*SOURCE DATA*.
Content starts

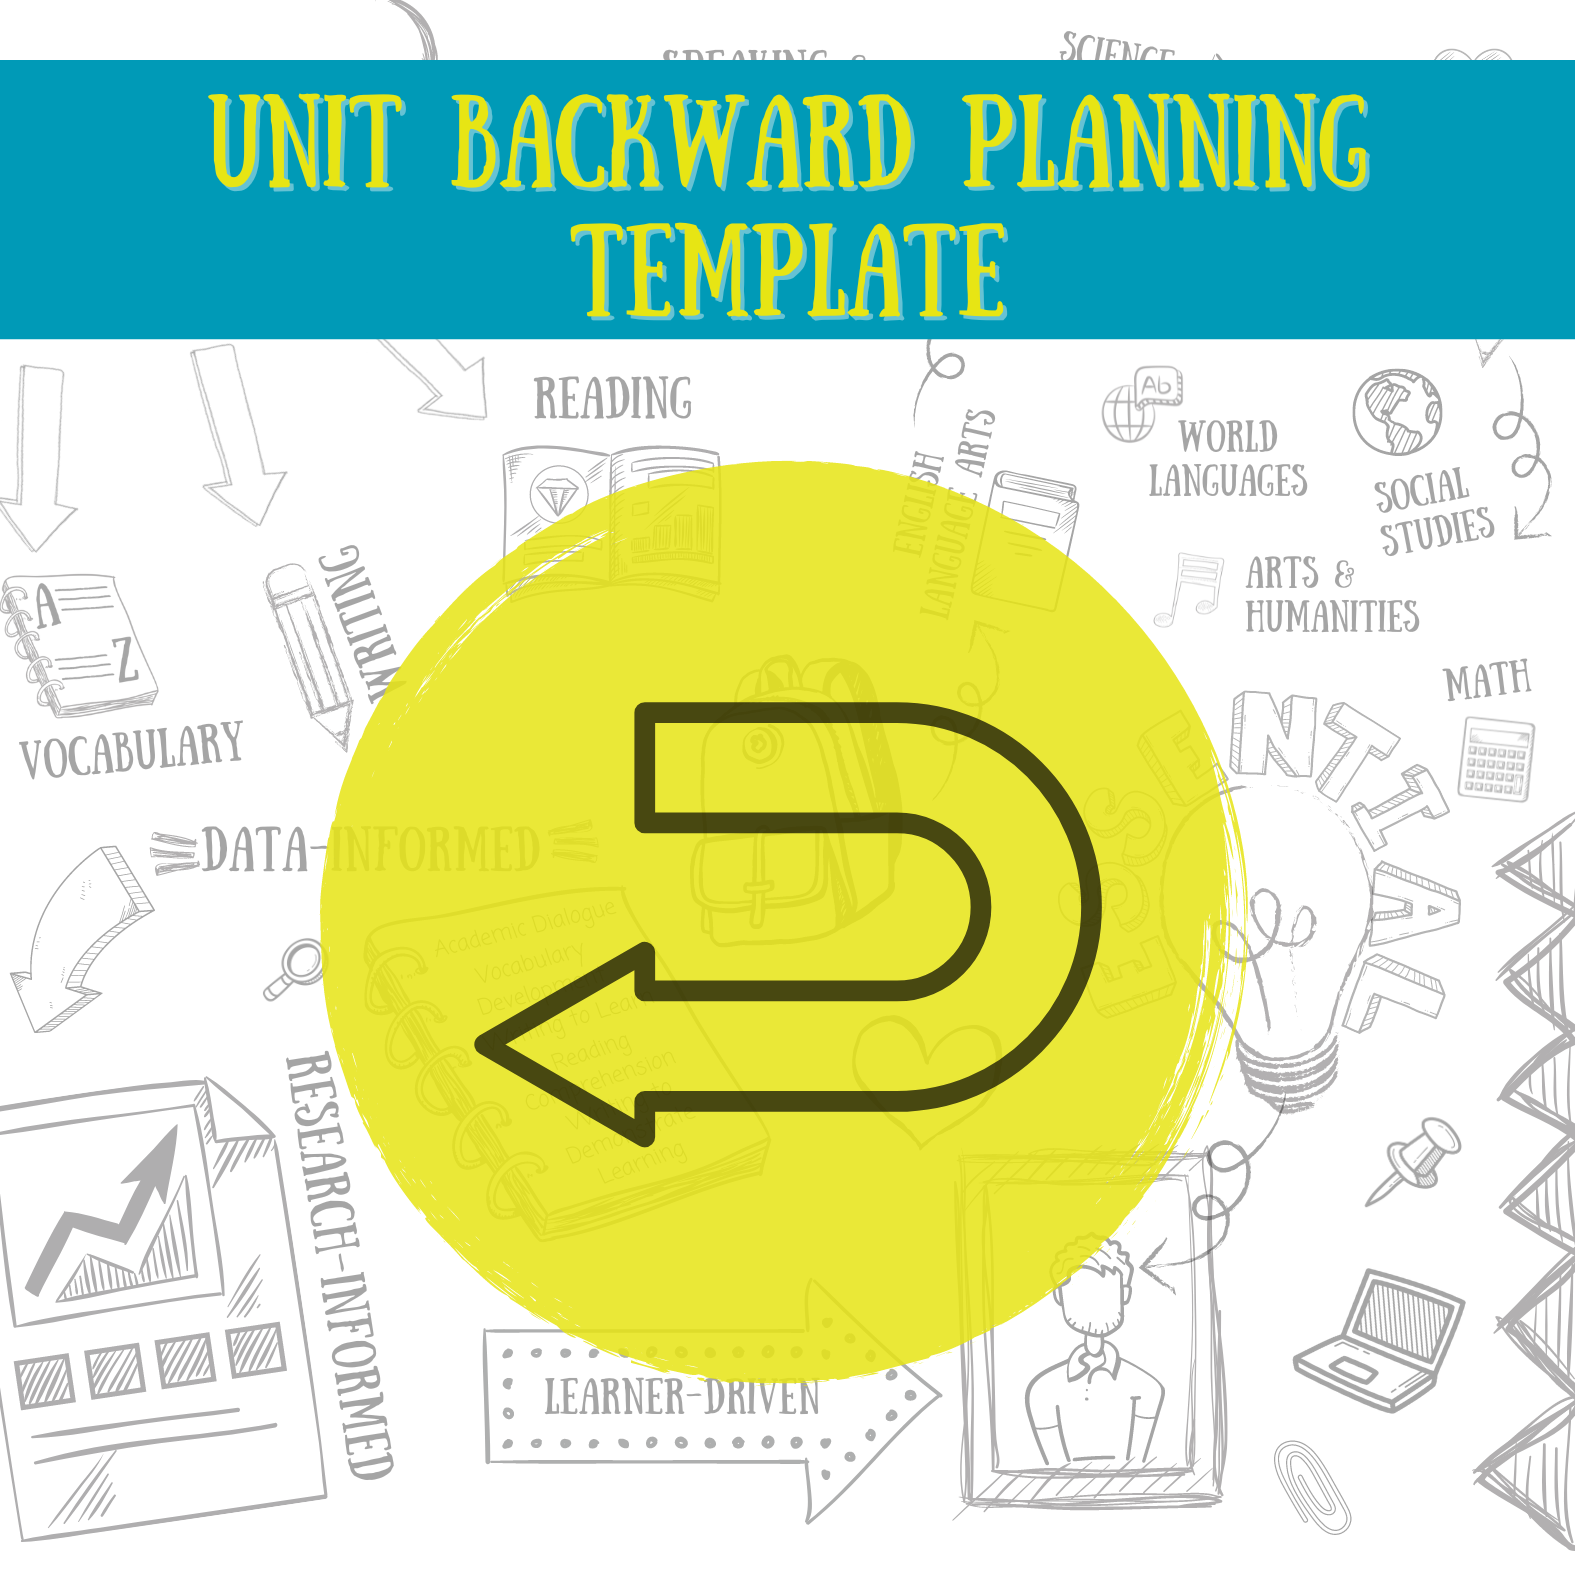 Adolescent Literacy Model- Unit Backward Planning Template
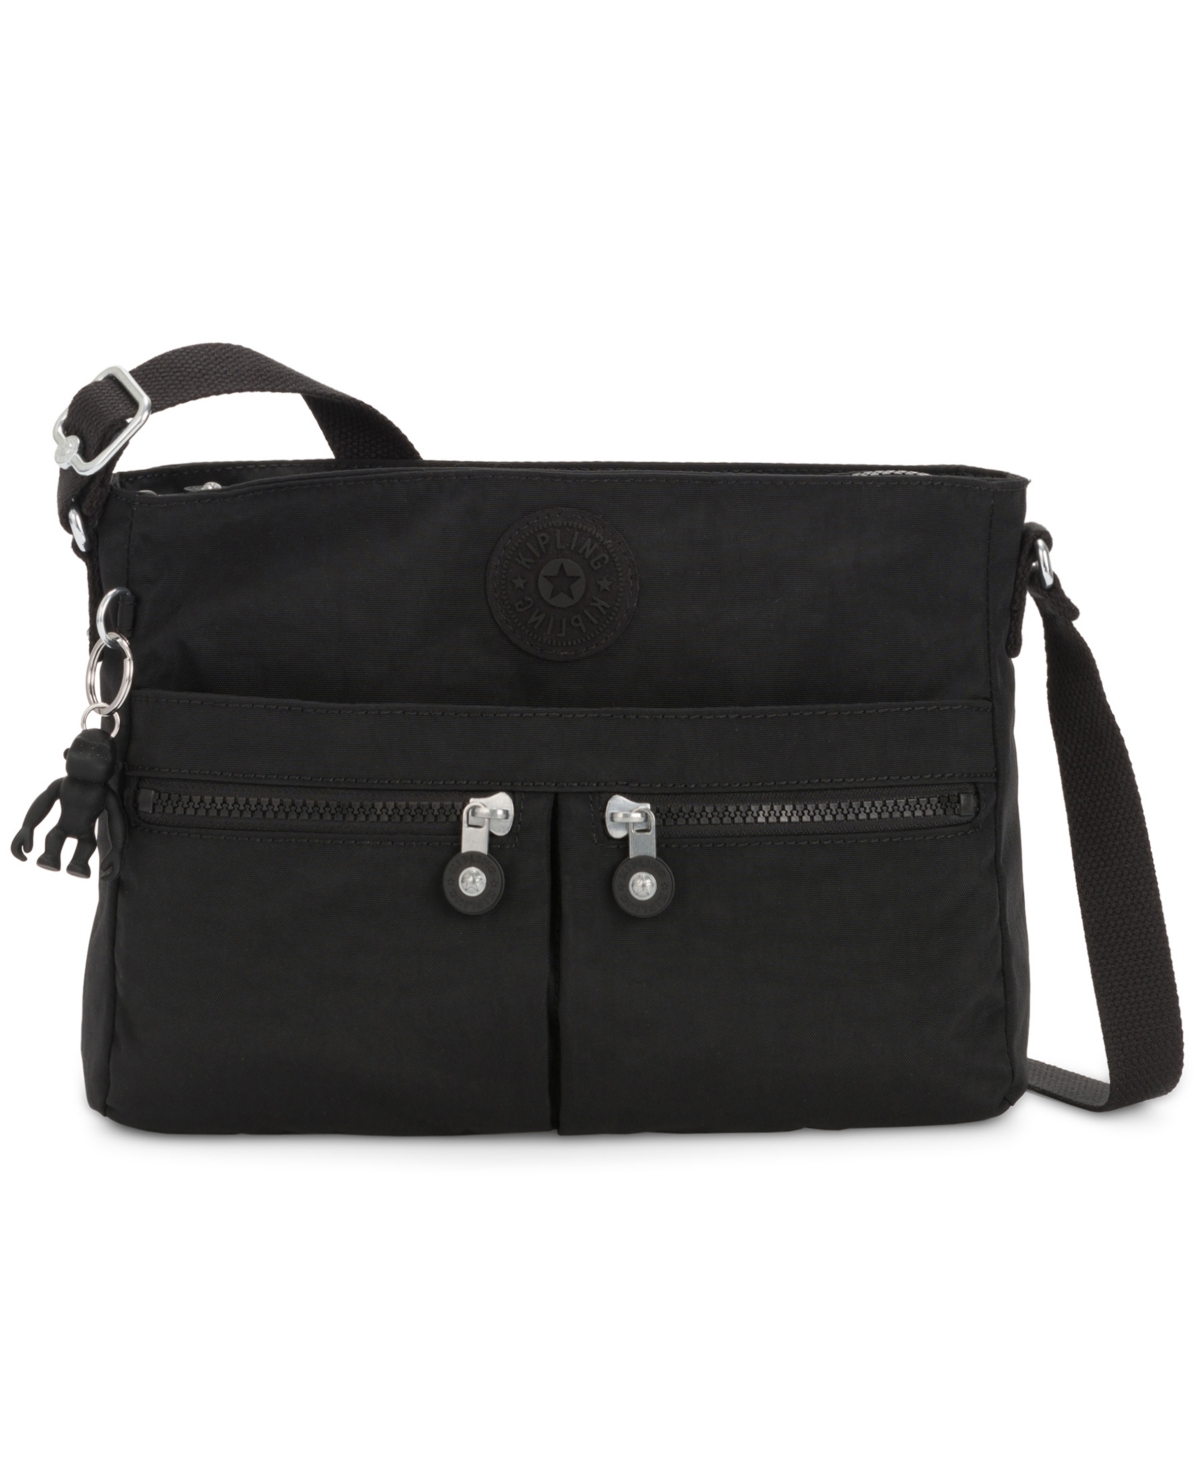 Kipling New Angie Handbag In Black Noir
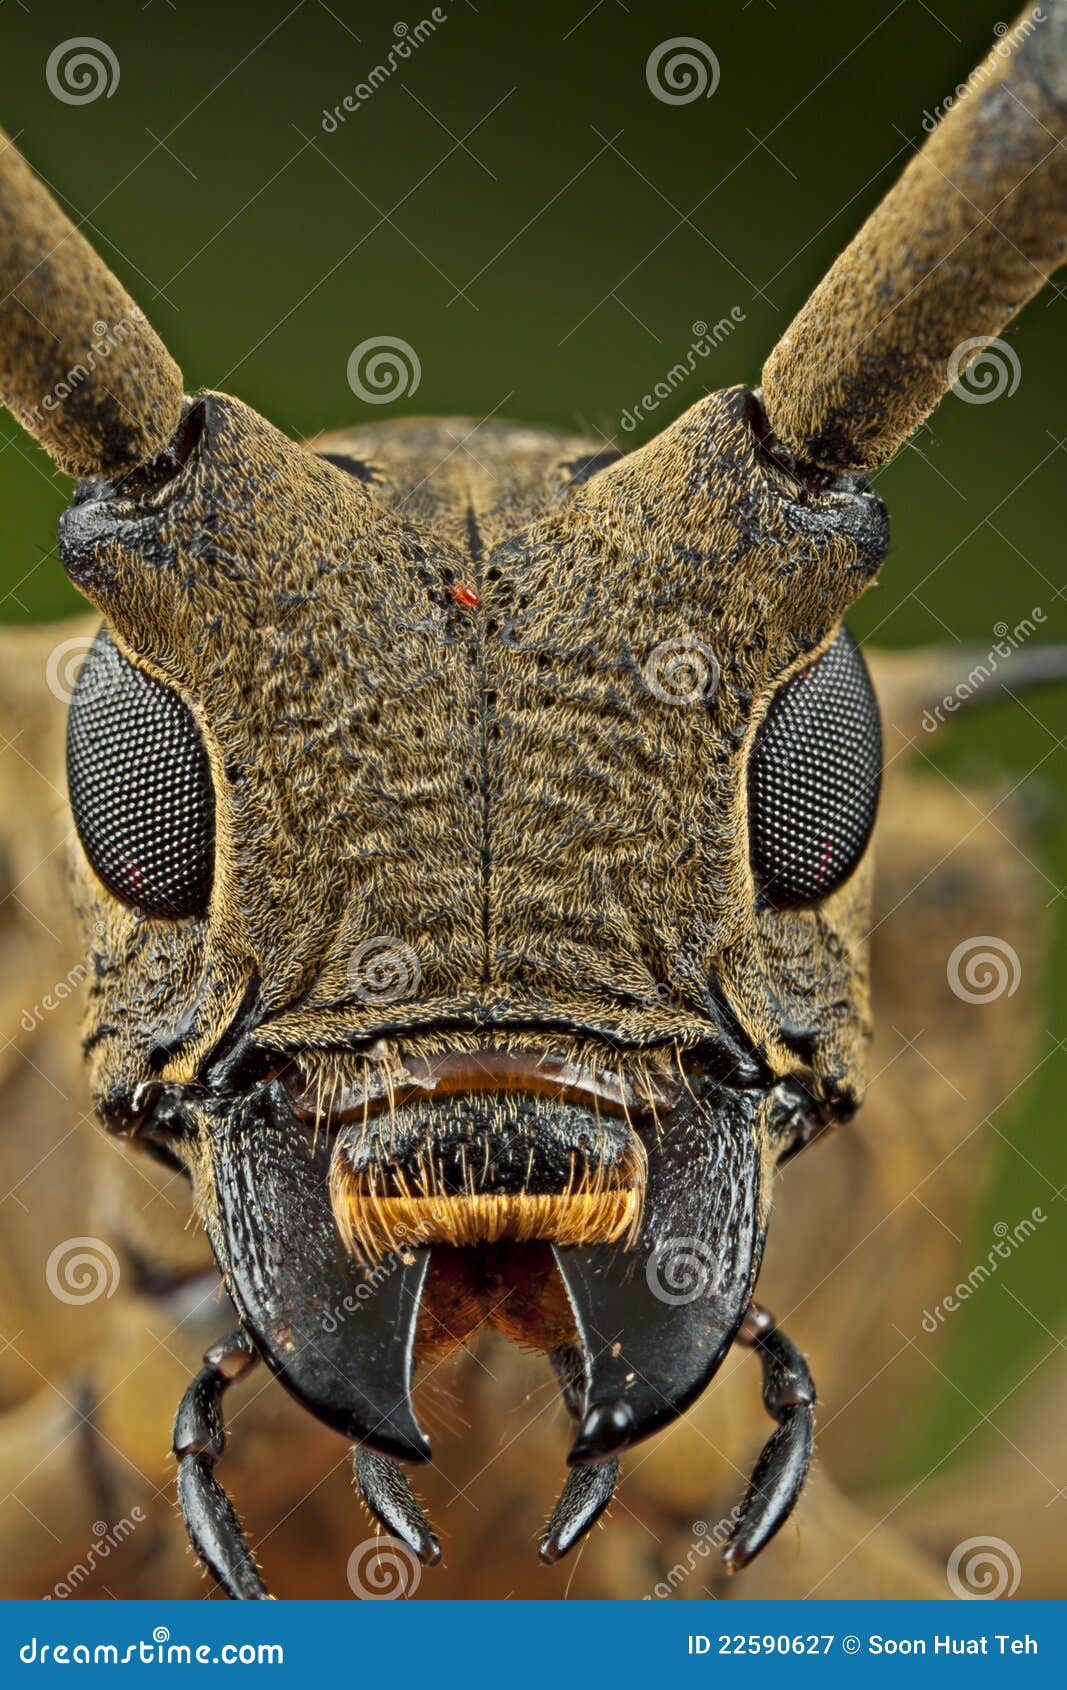 Single horned beetle
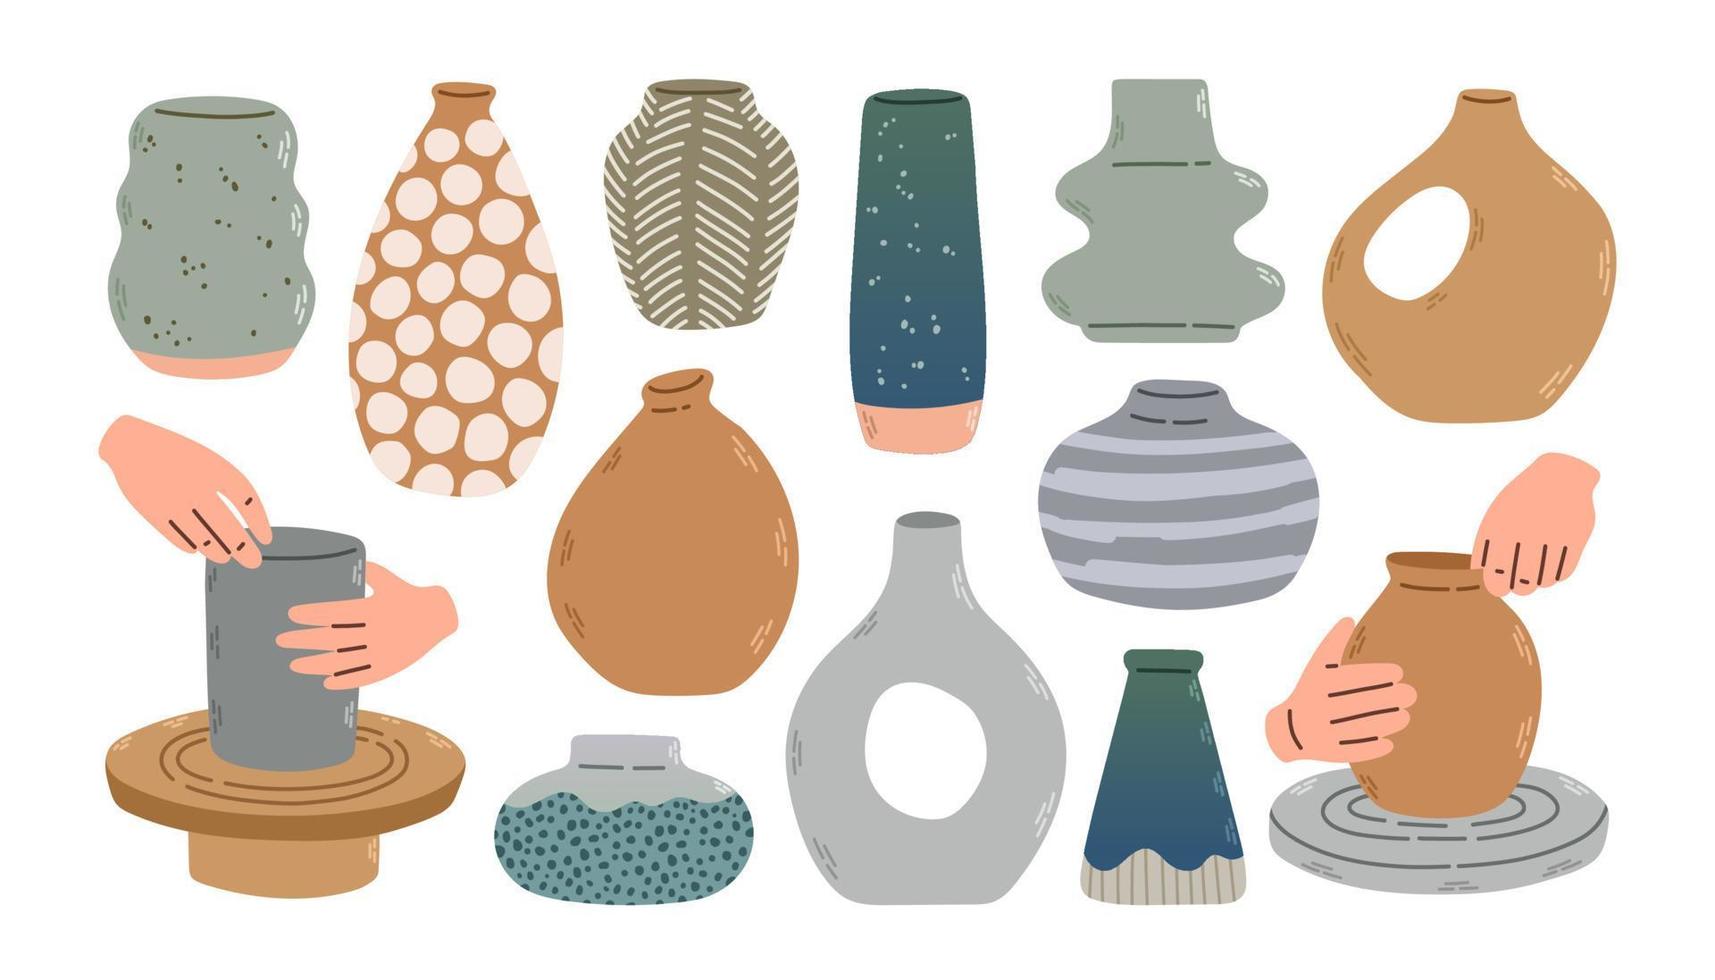 vario ceramica vasi. diverso forme. ceramica officina, ceramica ruota. mano disegnato vettore impostare. di moda illustrazione.

Content ends

*EXERCISE BRIEF*. The material above is to be transcribed exactly, with its images omitted.

*OUTPUT OF THE TASK*.
 Adolescent Literacy Model- Unit Backward Planning Template
 Kipling New Angie Handbag In Black Noir
 Single horned beetle
 vario ceramica vasi. diverso forme. ceramica officina, ceramica ruota. mano disegnato vettore impostare. di moda illustrazione.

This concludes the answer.